### Data extract
====
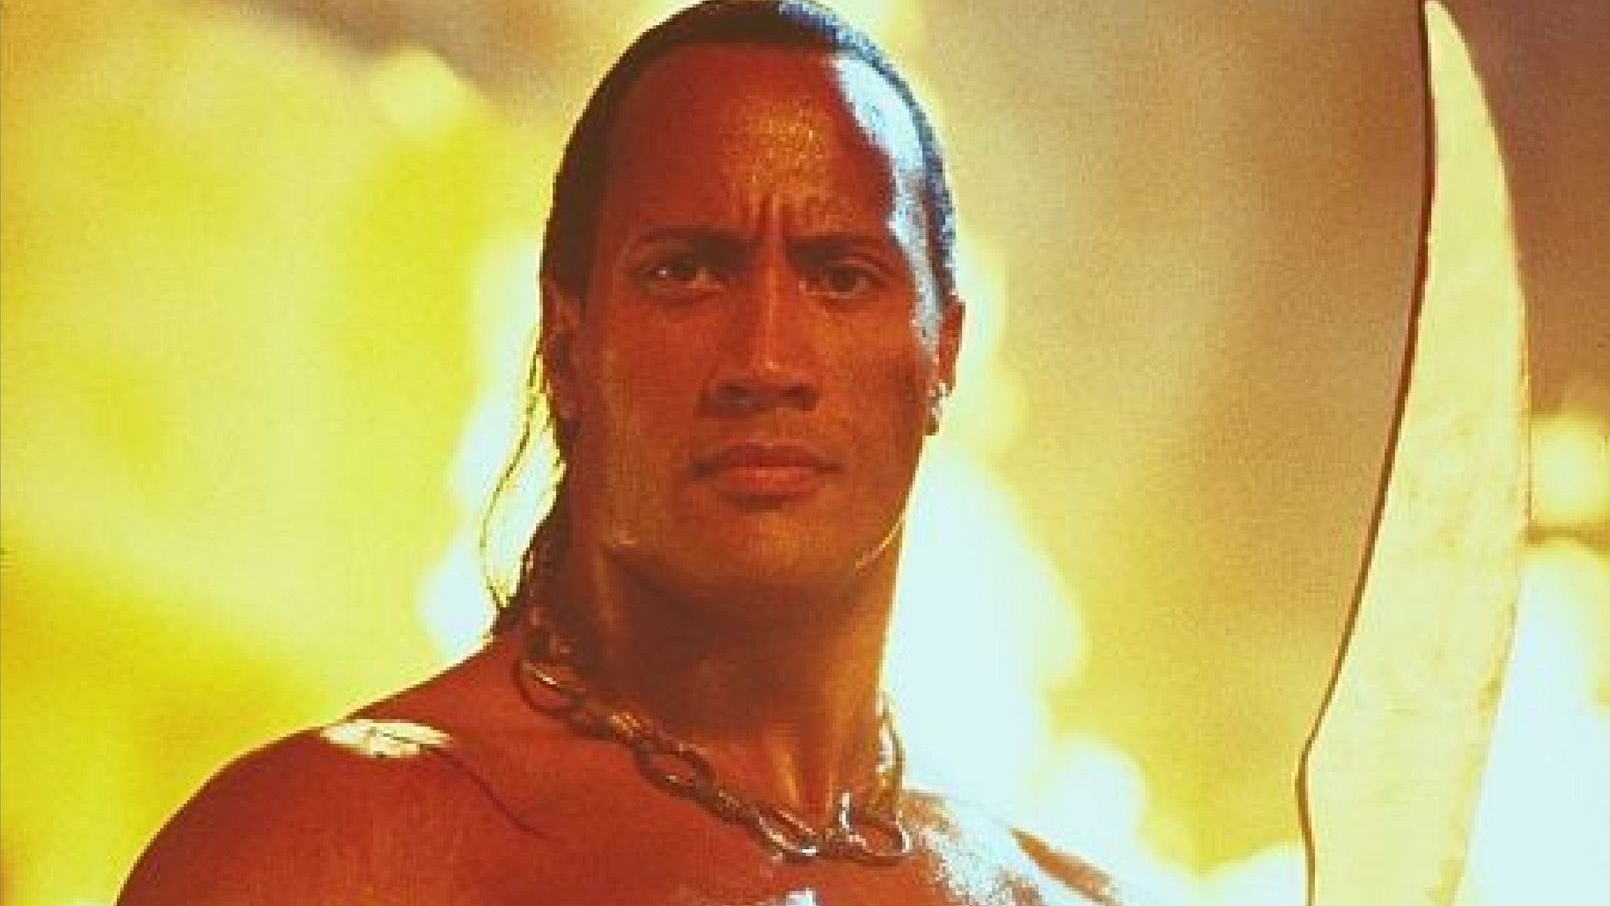 Why The Kid Who Plays Dwayne Johnson In Young Rock Looks Familiar
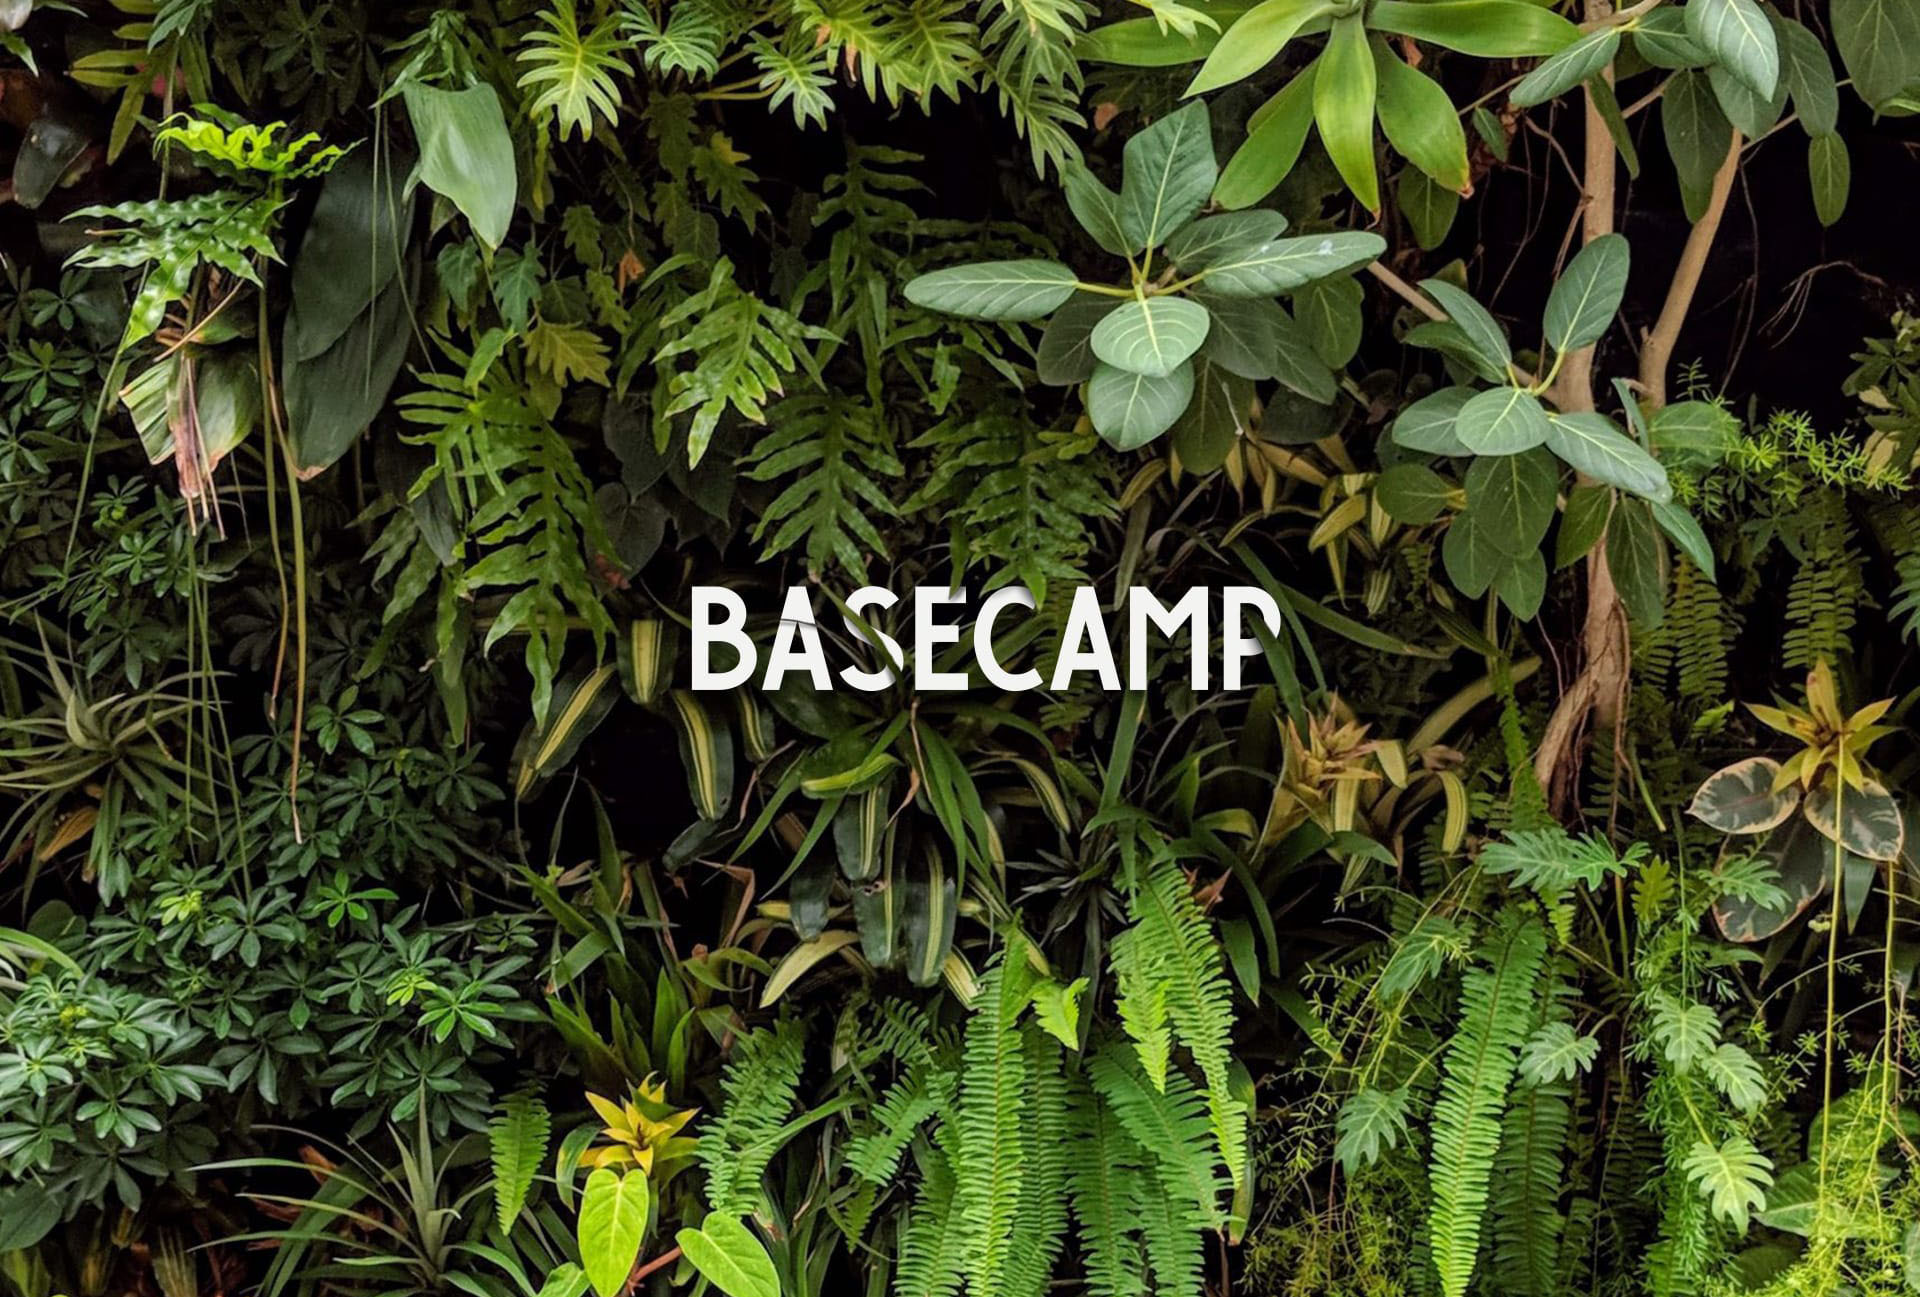 Large wall covered in various tropical green plants with the word "basecamp" place in the middle
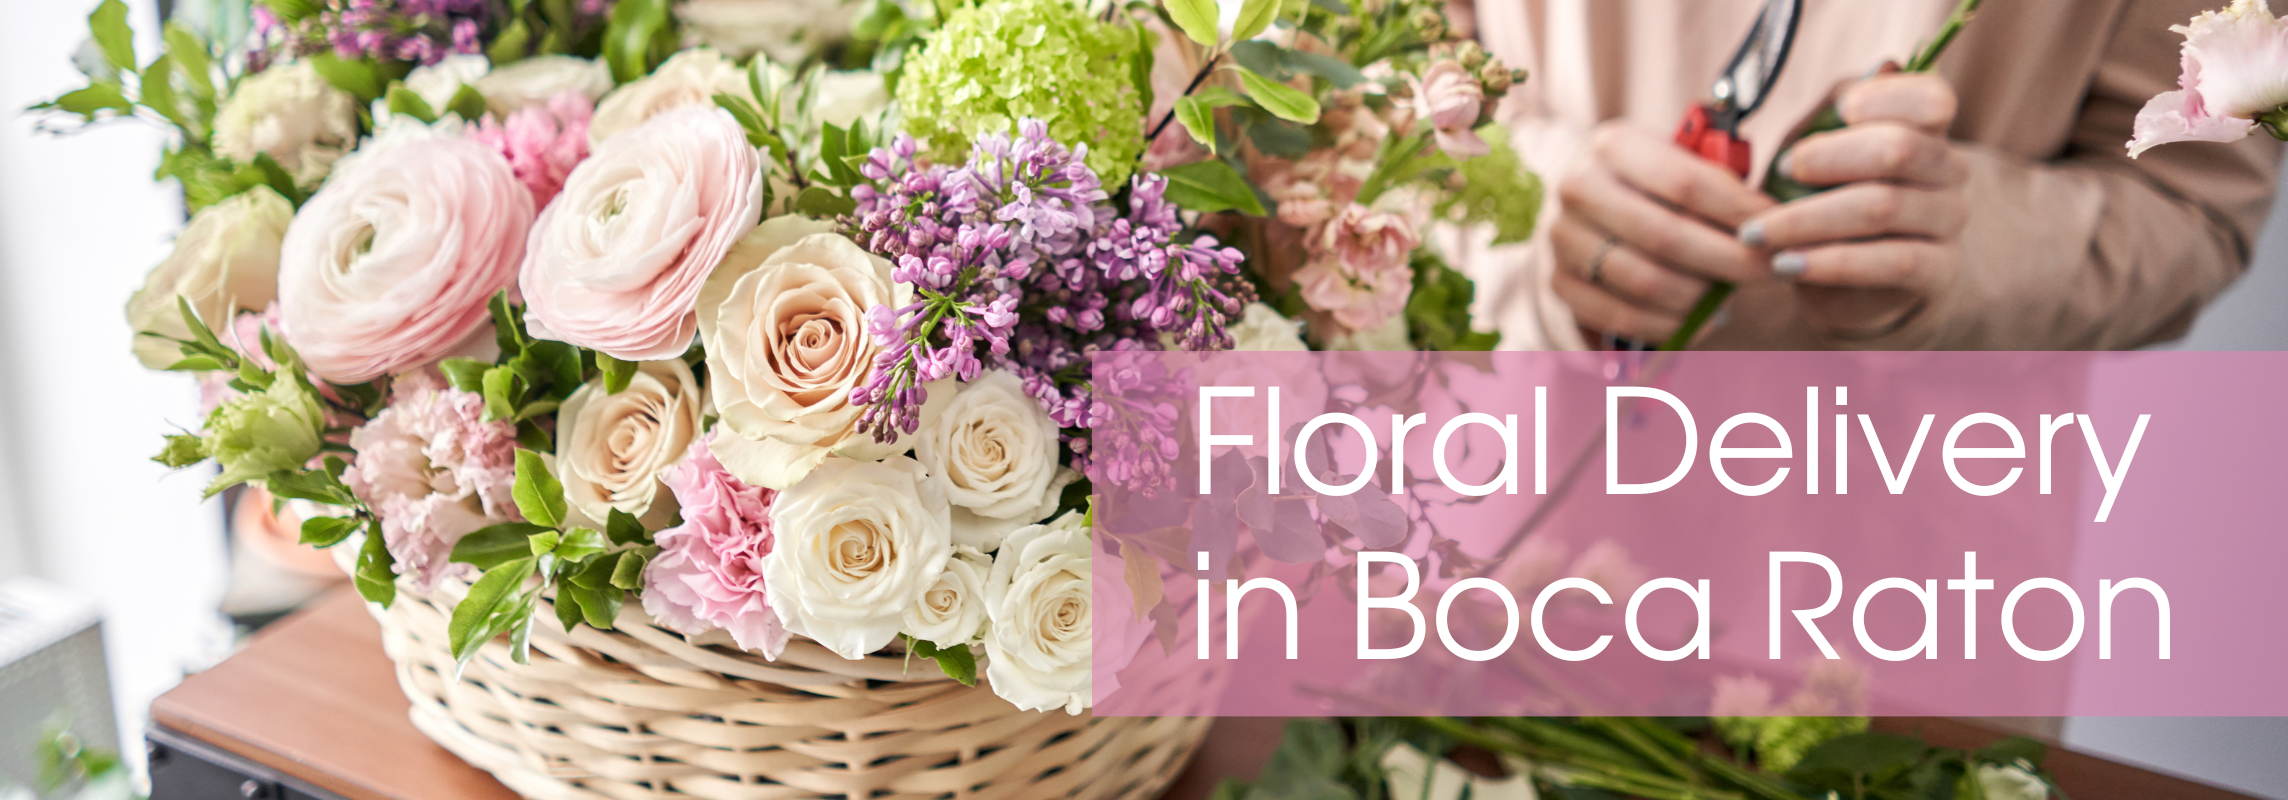 floral delivery in Boca Raton
====
### Task instructions
Please reprint the whole listing exactly and omit its pictures.

### Solution to this exercise
 Why The Kid Who Plays Dwayne Johnson In Young Rock Looks Familiar
 Large wall covered in various tropical green plants with the word "basecamp" place in the middle
 floral delivery in Boca Raton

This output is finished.